Als der Abend noch jung war: Markus Hürlimann und Jolanda Spiess-Hegglin an der Land­ammannfeier vom 20. Dezember 2014. (Bild: Charly Keiser)

Jolanda Spiess-Hegglin gab in den letzten Tagen verschiedenen Medien zur Auskunft, dass sie seit den Ereignissen nach der Zuger Landammann-Feier vom 21. Dezember täglich bedroht und beschimpft werde.

Diese anonymen Beschimpfungen und Drohungen verurteile Markus Hürlimann aufs Schärfste, teilt sein Anwalt Markus Dormann am Mittwoch mit. Zugleich verwahre sich sein Mandant aber in aller Form gegen die Vorverurteilung, die ihm selbst widerfahre, heisst es in der Medienmitteilung weiter.

Anwalt: «Spiess-Hegglins Aussagen sind widersprüchlich»

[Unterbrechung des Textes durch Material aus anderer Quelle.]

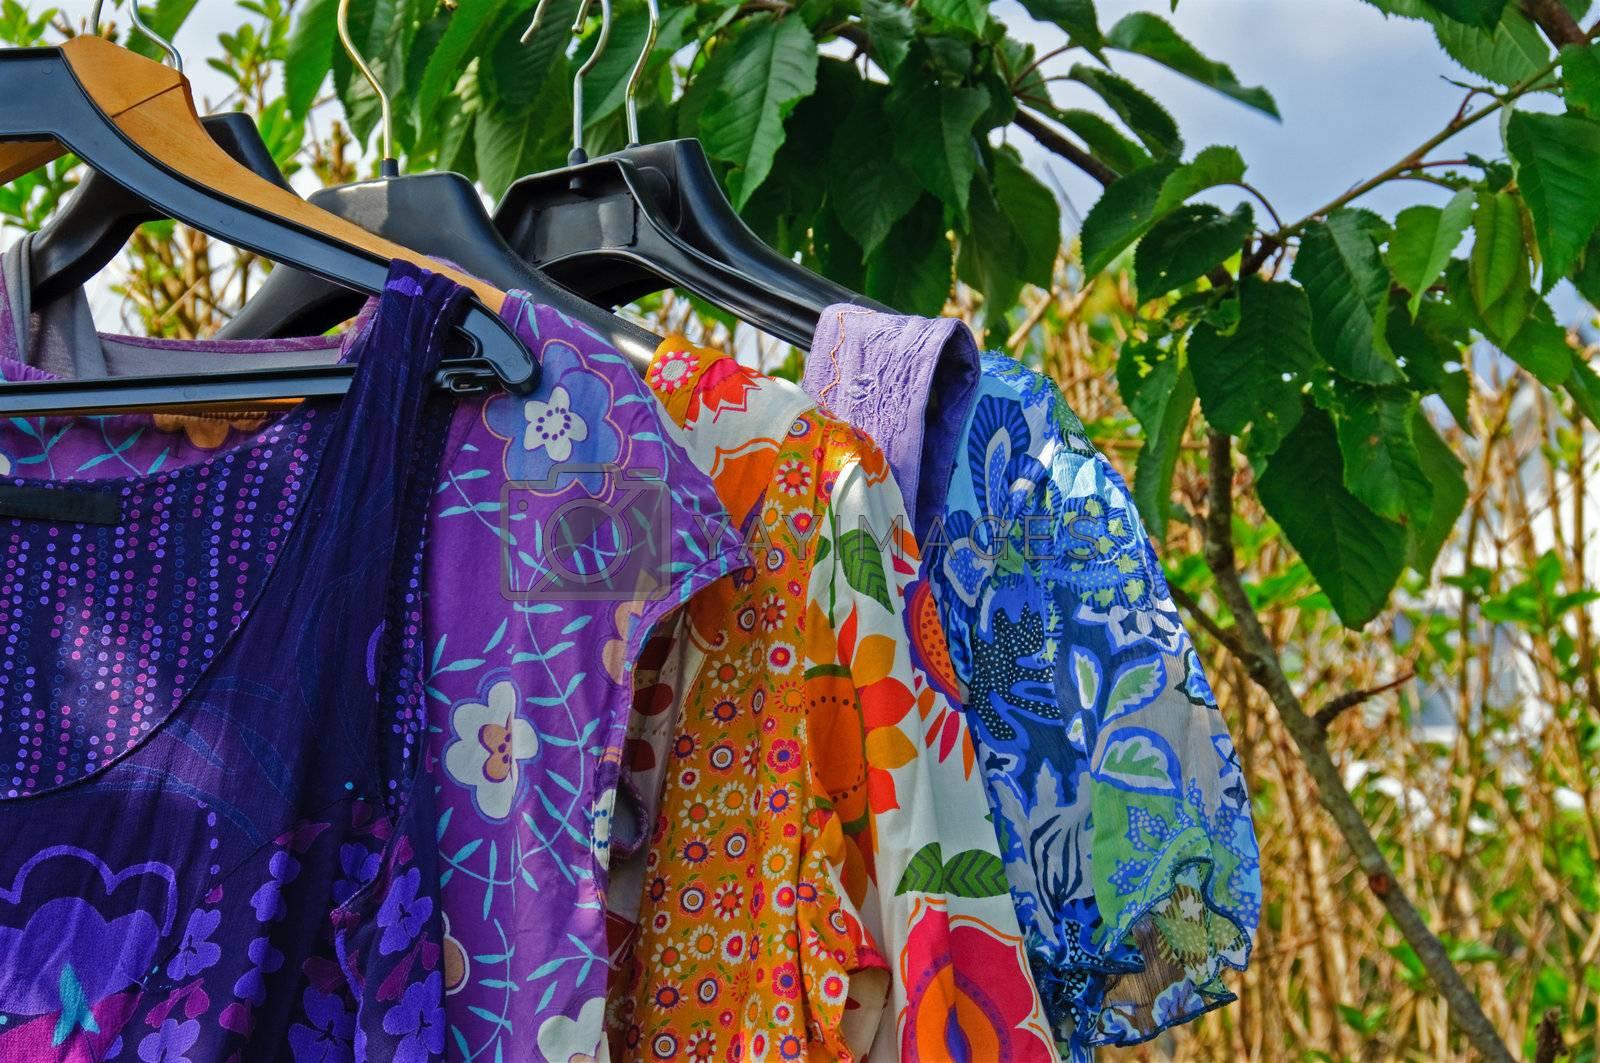 Summer dresses hanging in a garden
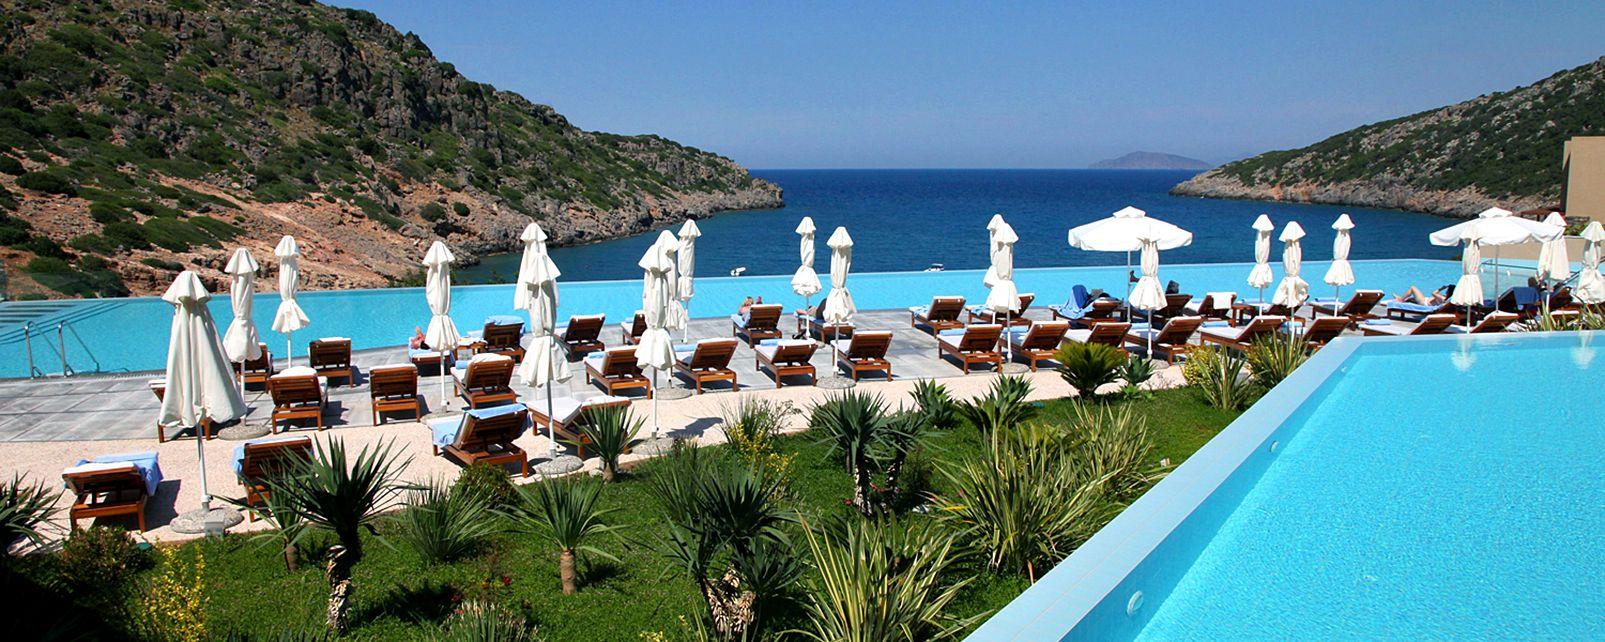 Hôtel Daios Cove

Auch die aktuelle Stellungnahme kommt aber nicht ohne Seitenhiebe aus: Ebenso bedauerlich wie die heftigen Reaktion gegen Spiess-Hegglin sei, wie widersprüchlich die Aussagen der Grünen Kantonsrätin in den Medien wären. Einerseits betone sie, «Markus Hürlimann niemals beschuldigt oder angezeigt» zu haben. Anderseits halte sie ebenso deutlich an ihrem Vorwurf fest, sie sei von ihm missbraucht worden. Dies, obwohl weder sie – gemäss ihren eigenen Aussagen – noch er sich an sexuelle Handlungen erinnern könnten, und obwohl alle bislang befragten Zeugen eine beidseitig freiwillige Annäherung zwischen den beiden unter Alkoholeinfluss bestätigen, argumentiert Dormann weiter.

«Private Kurzschluss-Handlung»

Der Anwalt spricht im Folgenden von einer «privaten Kurzschluss-Handlung zweier erwachsener Menschen», die diese im Wesentlichen auch privat, gegenüber ihren Ehepartnern, zu verantworten hätten und die nichts mit ihren politischen Funktionen zu tun habe. Deshalb gehörten sie seiner Meinung nach auch nicht an die Öffentlichkeit. Es dürfe weder zu weiteren Beschimpfungen oder Drohungen, noch zu weiteren Vorverurteilungen kommen, fordert er weiter. Das Beste wäre, wünscht sich Dormann schliesslich, wenn alle Beteiligten die Untersuchungsergebnisse abwarten würden und bis dahin keine weiteren Kommentare mehr abgäben.

pd/uus

Zuger Sex-Affäre: Nicht viel Klarheit

sda. Hürlimann soll sich an der Zuger Landammann-Feier eines sexuellen Übergriffs auf Spiess schuldig gemacht haben. Was wirklich geschah, ist völlig unklar. Dritte wollen die beiden in vertraulichem Beisammensein beobachtet haben. Beide machen Erinnerungslücken geltend. Der Verdacht, es seien K.o.-Tropfen verwendet worden, wurde in einem Labortest nicht bestätigt. Eine Haaranalyse der grünen Politikerin steht noch aus.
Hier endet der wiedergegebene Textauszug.